Matthew Moulton and Dr. Michael Whiting, Department of Biology
Introduction
DNA barcoding is a method of species identification based on sequencing a short mitochondrial DNA fragment of Cytochrome Oxidase I (COI). A database of over 500,000 of these COI fragments, known as “barcodes,” has been established for nearly 38,000 species and is currently being used to help rapidly assign individuals to known species and highlight potential new species. However, the ability for DNA barcoding to correctly diagnose species is limited by the presence of nuclear mitochondrial pseudogenes (numts). Numts can be co-amplified with the mitochondrial ortholog when using universal primers, which can lead to incorrect species identification and an overestimation of the number of species.
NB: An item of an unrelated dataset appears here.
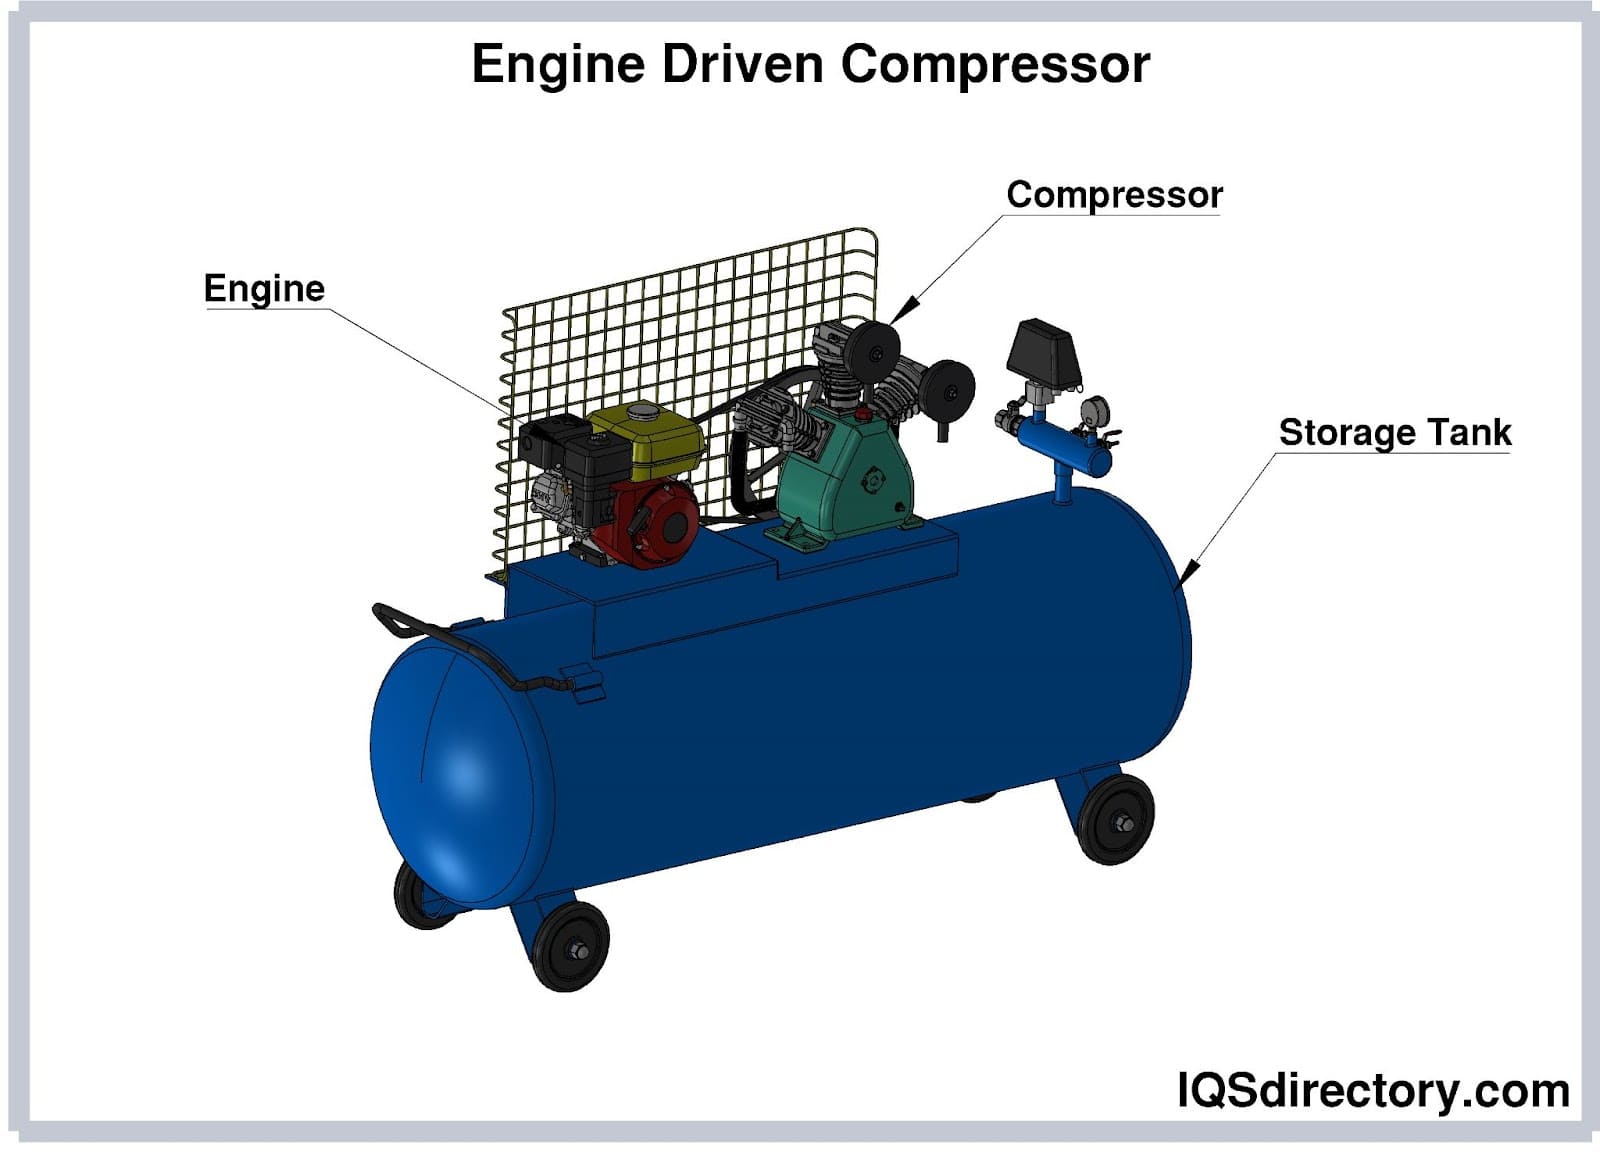 Engine Driven Compressor

Some researchers have proposed that using more specific primers may help eliminate numt co-amplification, but the efficacy of this method has not been thoroughly tested.
Objectives
The purpose of this study was to address the following questions: What is the effect of using more specific primers on eliminating numt co-amplification in DNA barcoding? To what extent do primers of differing specificity amplify different types of numts? To what degree can quality control measures correctly identify and remove numts before barcoding analyses? To what extent are numts present within Orthoptera? We discuss the results of our findings in relation to these questions and the implications our results may have on DNA barcoding.
Materials and Methods
Taxon sampling
We selected 11 taxa from Orthoptera for use in studying the extent to which COI numts are present within Orthoptera. This sampling represents 11 lineages from both Ensifera and Caelifera whose complete mitochondrial genomes have been partially or completely sequenced. DNA from representatives of the 11 lineages was extracted and voucher specimens were deposited in the Insect Genomics Collection at Brigham Young University. Four polyneopteran taxa were selected as outgroups for phylogenetic analyses.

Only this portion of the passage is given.